無限に出せるけれど……やっぱり、取り扱いには注意が必要だね。
「言いたい事は色々あるが…王都で分かった事を報告しろ」
「ああ、そうだな……王都で分かったことなんだが、俺達が行方不明なのを把握していたのは、団長と俺達の両親だけで、他の連中には、極秘任務に就いている事になっていた。騎士団の中で混乱があるような感じはしなかった。誰かと接触するべきか悩んだが……今の状況で下手に動くのも危険だ。だから何もせずに戻ってきた」
「そうだな……明日は俺が王都まで行って確認する。だからルドはそいつを連れて馬で王都に向かってくれ」
「はあぁぁーしょうがねえな……なら、通信の魔石はクロに渡しておく。何かあったら連絡してくれ」
魔石をクロに手渡して再び明日の予定を立てる。クロは早朝には出るが、私とルドは無理せずに王都を目指すことになった。

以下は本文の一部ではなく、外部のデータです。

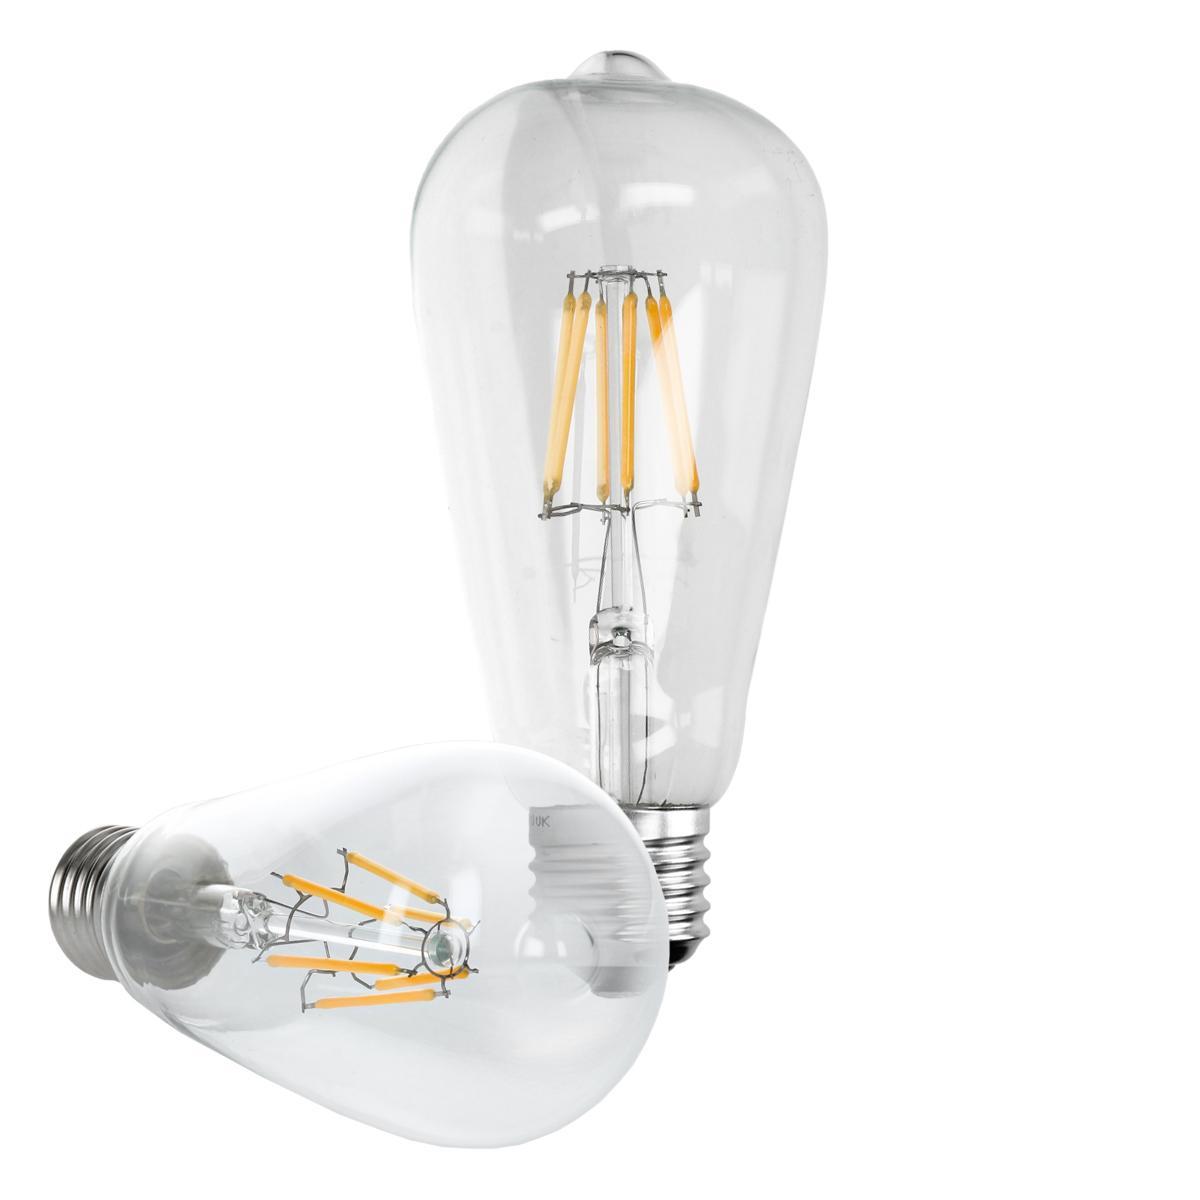 Ecd Germany ECD Germany 4 x LED Filament de l'ampoule E27 classique Edison 6W 612 lumens angle de faisceau 120 ° AC 220-240 reste ca

「町へ馬を買いに行ってきたが、特に有益な情報は得られなかった」
クロはおもむろに立ち上がり、リュックを持ってきた。
中から巾着と紙袋を取り出すと私に差し出して――
「これはお前にだ。残りのお金も返しておく。必ず返すからな」
「お金のことは気にしなくてもいいのに……この紙袋は?」
「ローブだ。俺達がお前のローブを使っているから……あった方が良いと思って買ってきた」
袋から取り出してみると、ワインカラーのフード付きローブであった。襟元と袖口に可愛い花の刺繡が施されていた。
「かわいい……!」
「何の付与もされていないが、無いよりはマシだろう」
「うん! 十分嬉しいよ!」
「そうか」
短く答えたクロだったが、その表情はどこか安心したように見えた。